We ski through the woods and then out onto the golf course and we were lucky enough to catch the groomer this morning, dragging his apparatus behind a snowmobile. We waved and thanked him. He’s a new guy and especially creative. His tracks have all sorts of interesting curves and slopes.
Overheard at Colleen Buzzard’s Studio: Someone asking a visual artist how they were holding up in the pandemic. “It’s been a little quiet but I have a beautiful house, a nice studio and plenty of time to do work” or something to that effect. I wanted to second that but stayed quiet. And then at RoCo, later that evening, we ran into a writer who told us how they couldn’t get anything done during the pandemic.
Granted this thing is not good for depressive types. Someone in the Truman Capote doc that we just watched said, “All writers are voyeurs.” So maybe it is without people to observre a writer could be lost. But that is all broad brush nonsense. Truman did really blew up though with his “Answered Prayers.”

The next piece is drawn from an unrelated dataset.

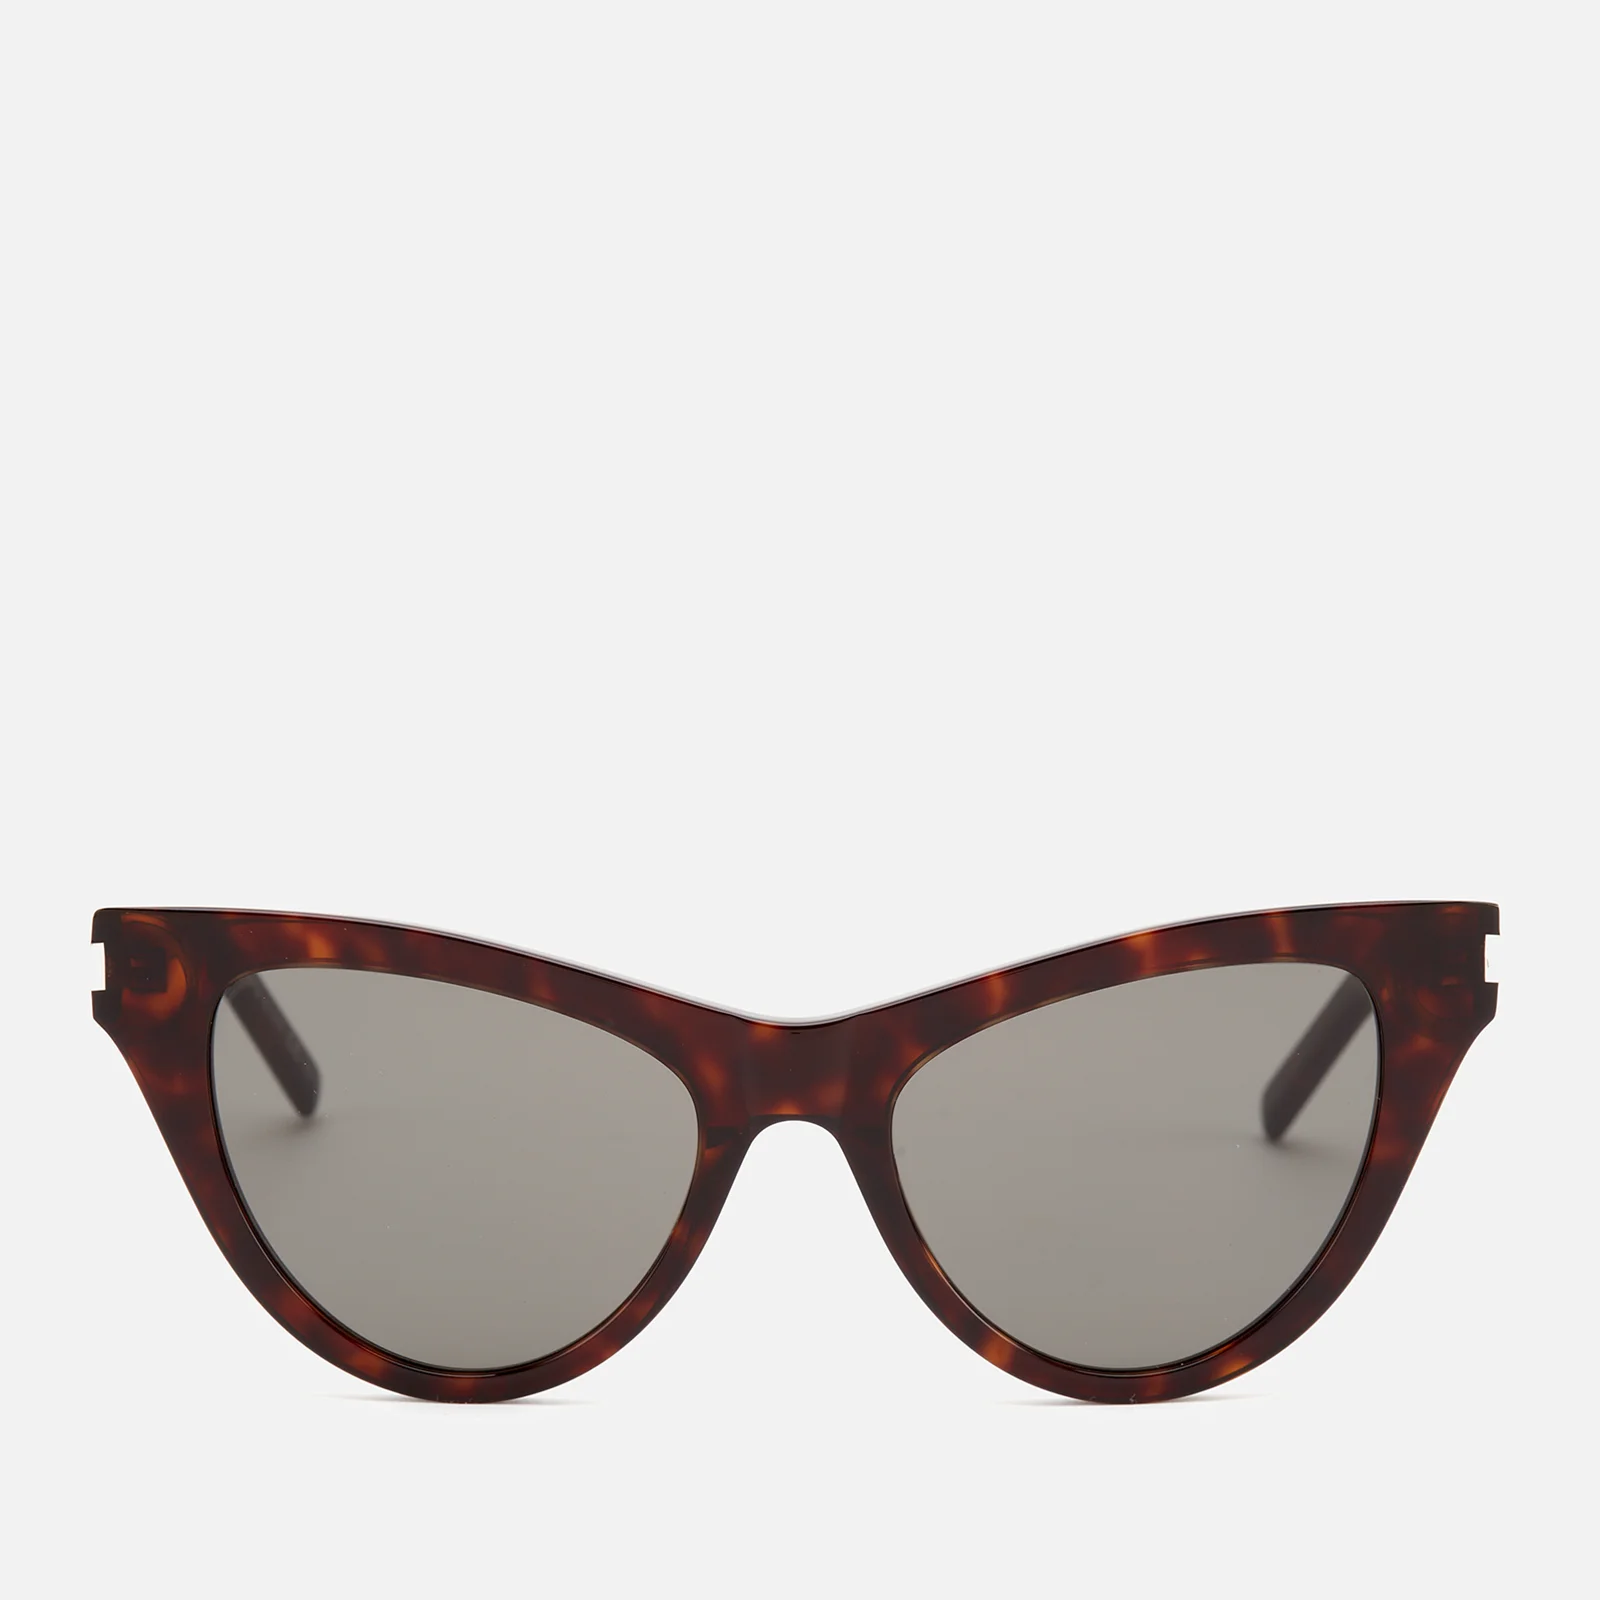 Saint Laurent Women's Cat Eye Acetate Sunglasses - Havana/Grey Image 1

It was really good to get out, to see new art and laugh through a mask with friends. Joan Lyons show at Colleen Buzzard’s Studio is a real treat. A wall of photos created on Nathan Lyons (who died in 2016) old photo paper, some of it as old as his 40 year old darkroom. Joan doesn’t just click the shutter, she paints with the photo chemicals and exposes the paper to items from Nathan’s darkroom. I particularly liked her Diazo Prints, “Portraits,” made in conjunction with members of their family in the early eighties.
On the first page of Pete Monacelli’s book, Origins,” he defines “origin” as “The point or place where something begins, arises or is derived. Source, inception and root.” With verse, Casin paint and ballpoint pen he shares, over 94 spreads, some his origins. It is an astonishingly beautiful book, too good to sit in a drawer in his studio. I offered to create an eBook version and it is available here as a free download.
Click the cover above for a free download version “Origins.”
I was recently helping my brother, Fran, with a computer issue. He is surely up in the Adirondacks now with his snowmobile while Peggi and I watch snow slide off our new metal roof. And I was reminded of this movie, my first and only concept film. My father bought the Super 8 camera for me from Kodak’s Camera Club. It was eighteen dollars.
The movie, sequenced and edited in camera, is only three minutes long. My brothers helped me flesh out the concept and we wrapped it up before the film ran out. Fran is featured sliding off the roof with his friends and my brothers, Tim and John, play instruments in our driveway. The movie was silent but I added an Invisible Idiot song to the soundtrack.
I’m guessing this was 1970. I had dropped out of school and moved back home for a year. Without my college deferment I was ready to go to Canada and then that ping pong ball drop lottery happened. Fran was always a daredevil. He definitely steals the show here. Peggi has always thought he looked like Iggy Pop.